We have a machine running some stuff on Docker, and little by little it has started to become important to keep an eye on it. However, looking for information on monitoring a Docker server it always seem to assume you’re running it in Swarm mode, which is not and WILL NOT be the case of this machine, Swarm adds a layer of complexity unneeded in this case.
What do you recommend for this case? I for one would love if the thing didn’t just give you a view of the things running on it but also gave you notifications if something went wrong (like if a container had to be restarted, or if one suddenly started eating all the CPU or something unusual).
I will be keeping an eye on this thread to see what other people do, but what I have done in the past is to have a couple different health checking strategies.
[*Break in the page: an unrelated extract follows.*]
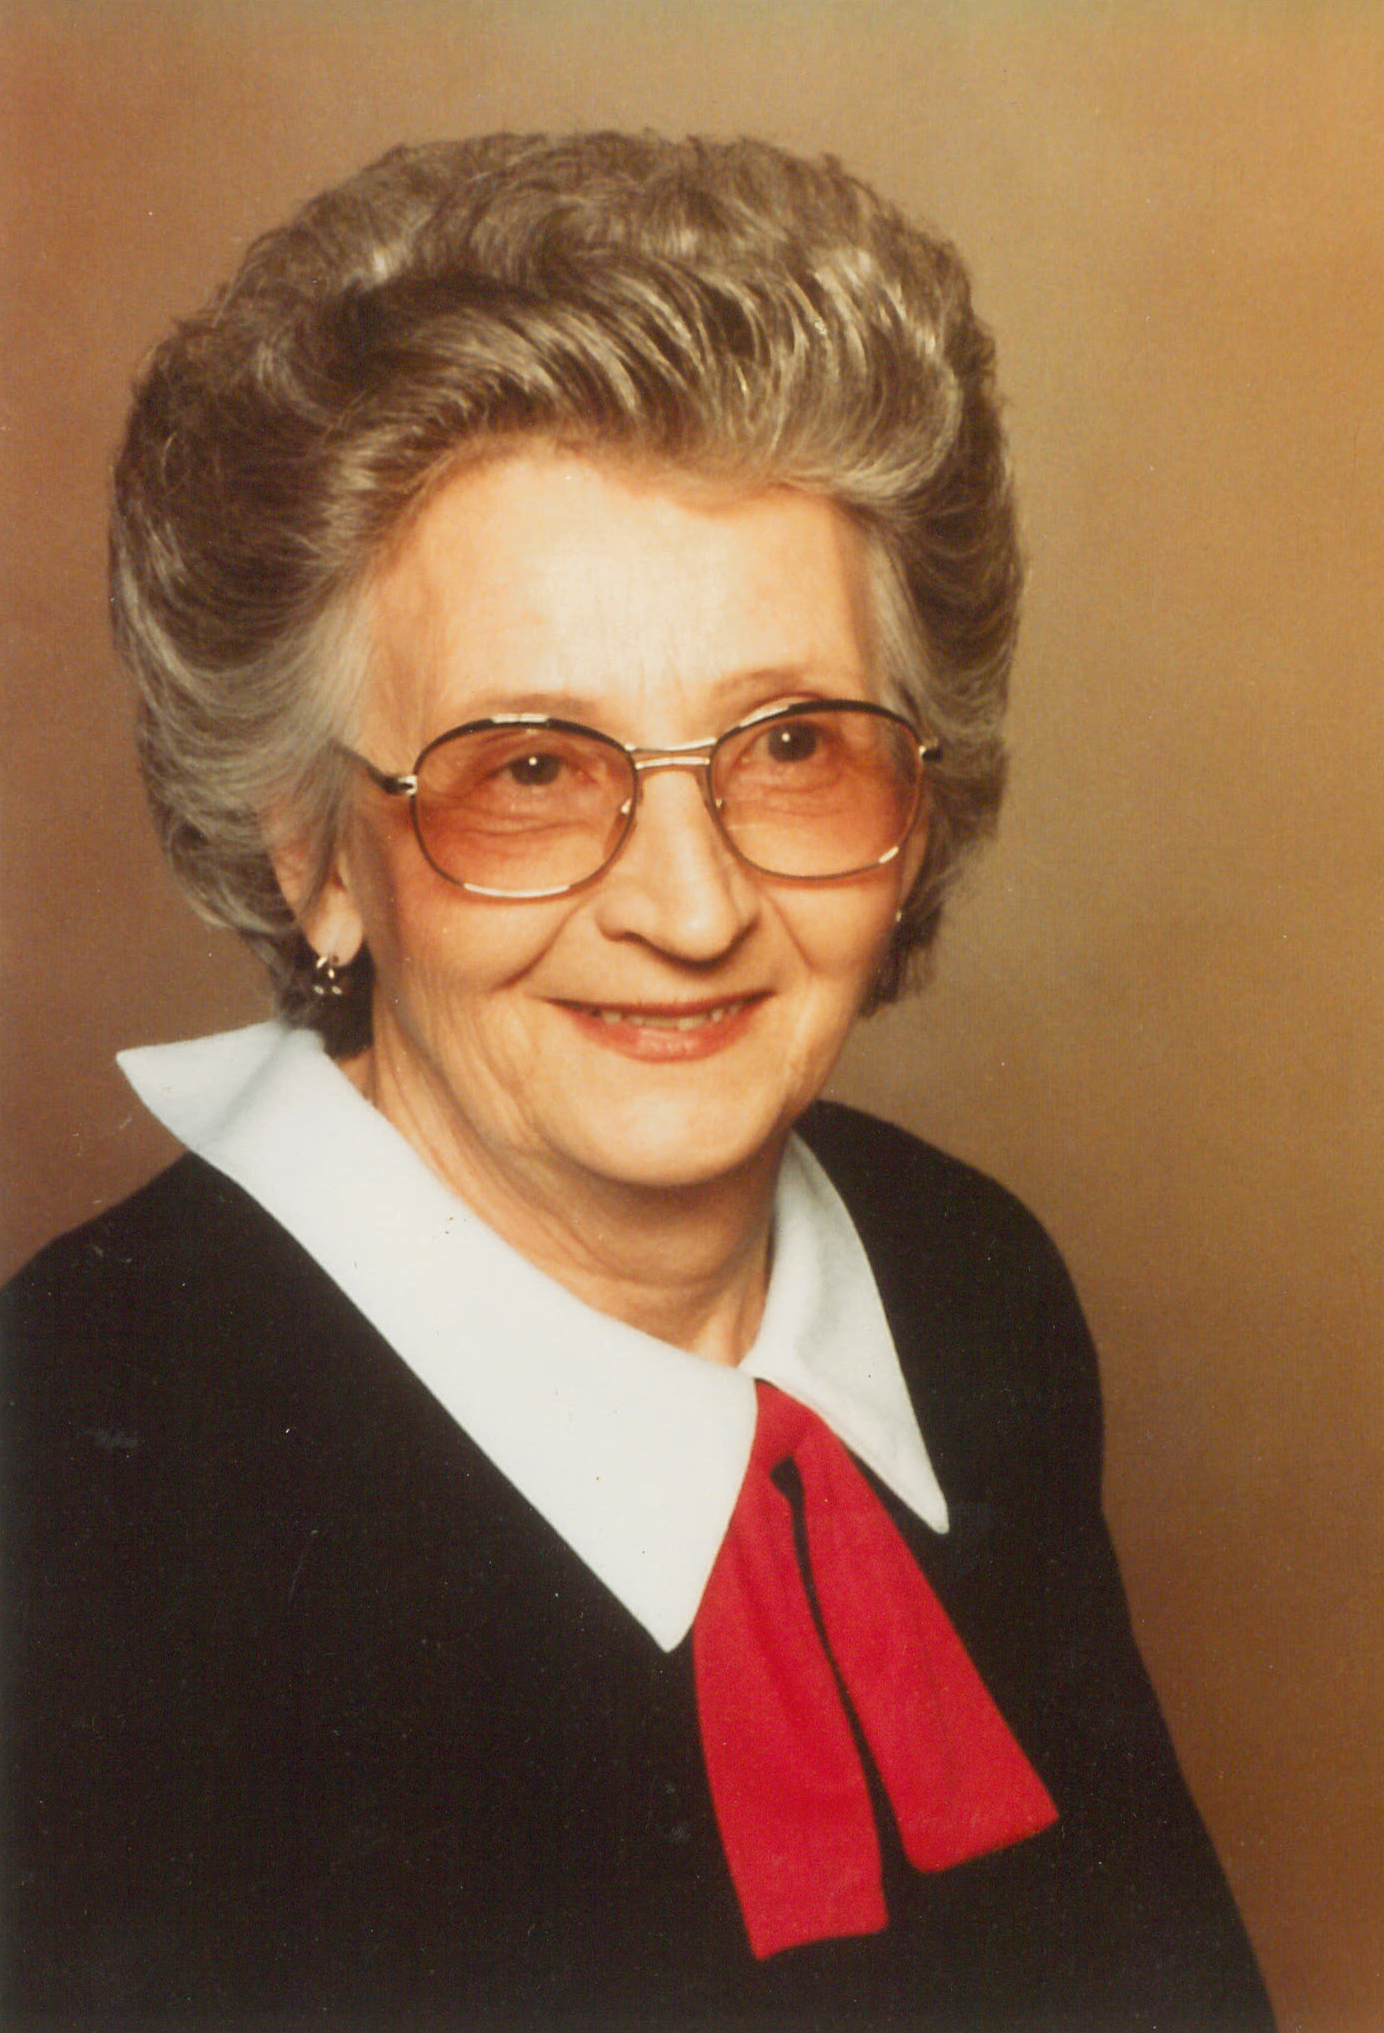 Obituary information for Mary Jo Powell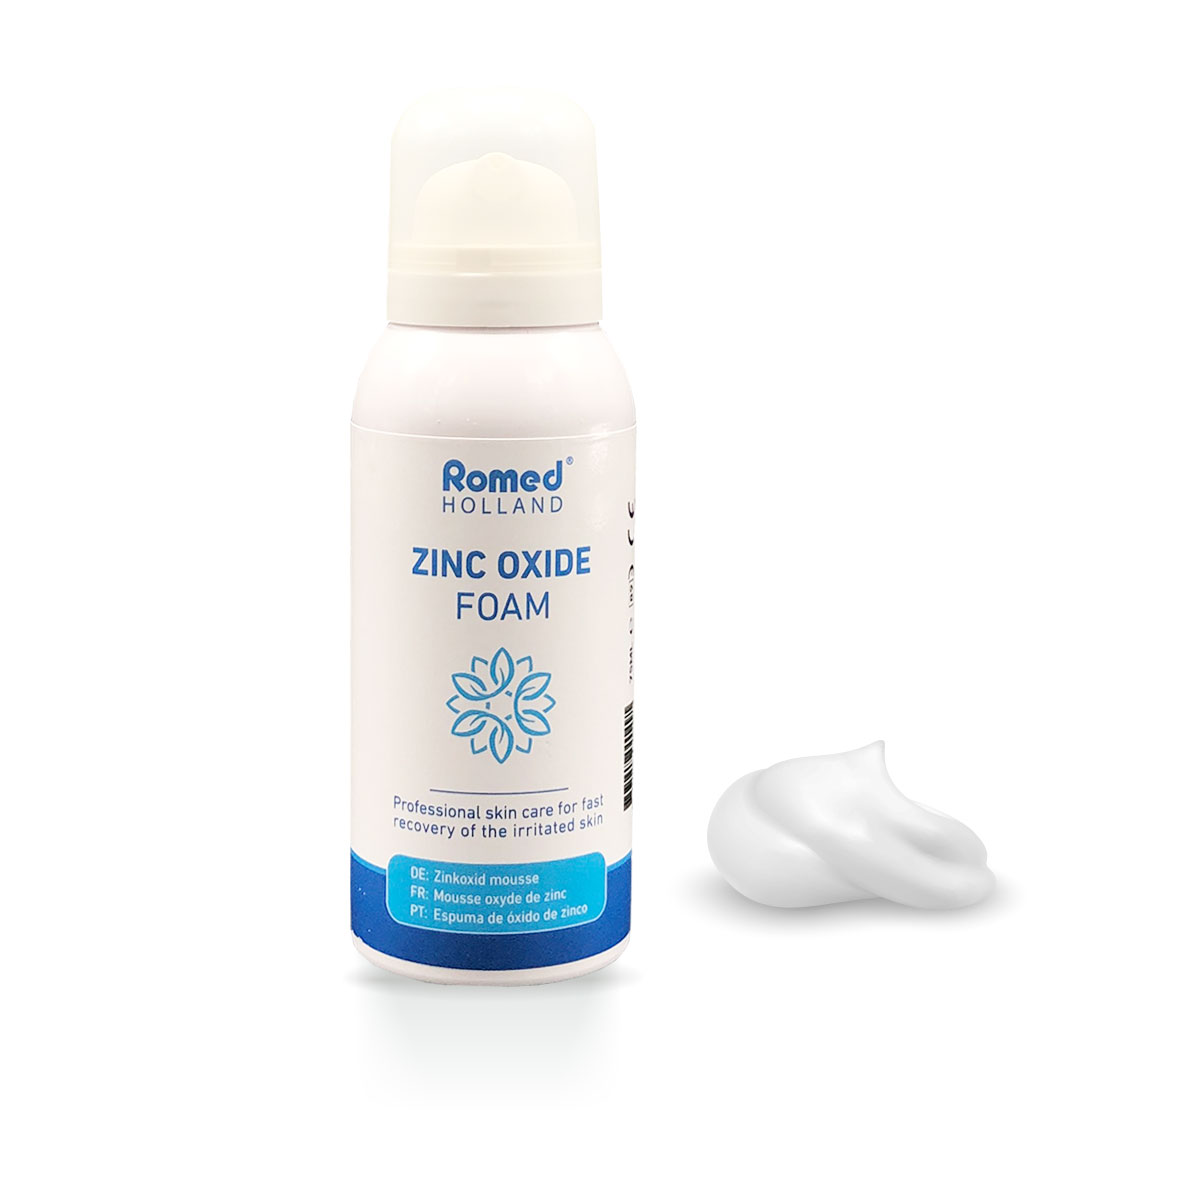 ZINC-125 Espuma de óxido de zinc Romed, 125 ml, 12 unidades en una caja de cartón.

- For web-accessible services I am running, I usually run something like Uptime Kuma or Gatus on a different box checking to make sure those web endpoints are available and performant. I lately have been really digging how Gatus can check more than just the response header, but also latency and certificate validity.
- For the host machine, you can set up custom alerts within netdata for stuff like cpu utilization and memory with custom thresholds. The only other solution I have used for this in the past is setting up alerts through my VPS provider (if it is a VPS that is).
- On really low-spec machines I have had trouble with netdata though, so I don’t have a good solution in those cases. Interested to see if there are less demanding options. Instead, I have resorted to just using dashdot as a PWA so that I can check it easily on my phone if I am on the go.
- For some custom services in the past that run on set schedules, I have used healthchecks.io (which you can selfhost) to send alerts in the case that they don’t run for some reason.
- As for the containers being restarted, I actually don’t have experience with that, so I am interested to see what others have done.
Gatus sounds pretty cool, I’ll definitely give it a closer look later. Maybe it’s the push I needed to go ahead and look into proper observability as a whole, log ingestion and whatnot. My homelab setup is sorely lacking on that department if I’m being honest lol
Uptime Kuma for web monitoring.
I’m experimenting with both Zabbix and Netdata to see which one I want to keep for monitoring resources on my hosts.
I use healthchecks.io to monitor backup scripts and cronjobs.
I’m using Autoheal to restart containers that are in an unhealthy state. For some containers this means I need to write my own health check. I mostly did this to resolve a rare issue where Plex would lock up but it’s helped in other scenarios too.
Have started experimenting with OpenTelemetry (https://opentelemetry.io/docs/what-is-opentelemetry/) to add observability to different parts of the stack running inside a Docker container.
Not gotten far enough to recommend anything specific, but there is big ecosystem of open source collectors and analytics tools out there.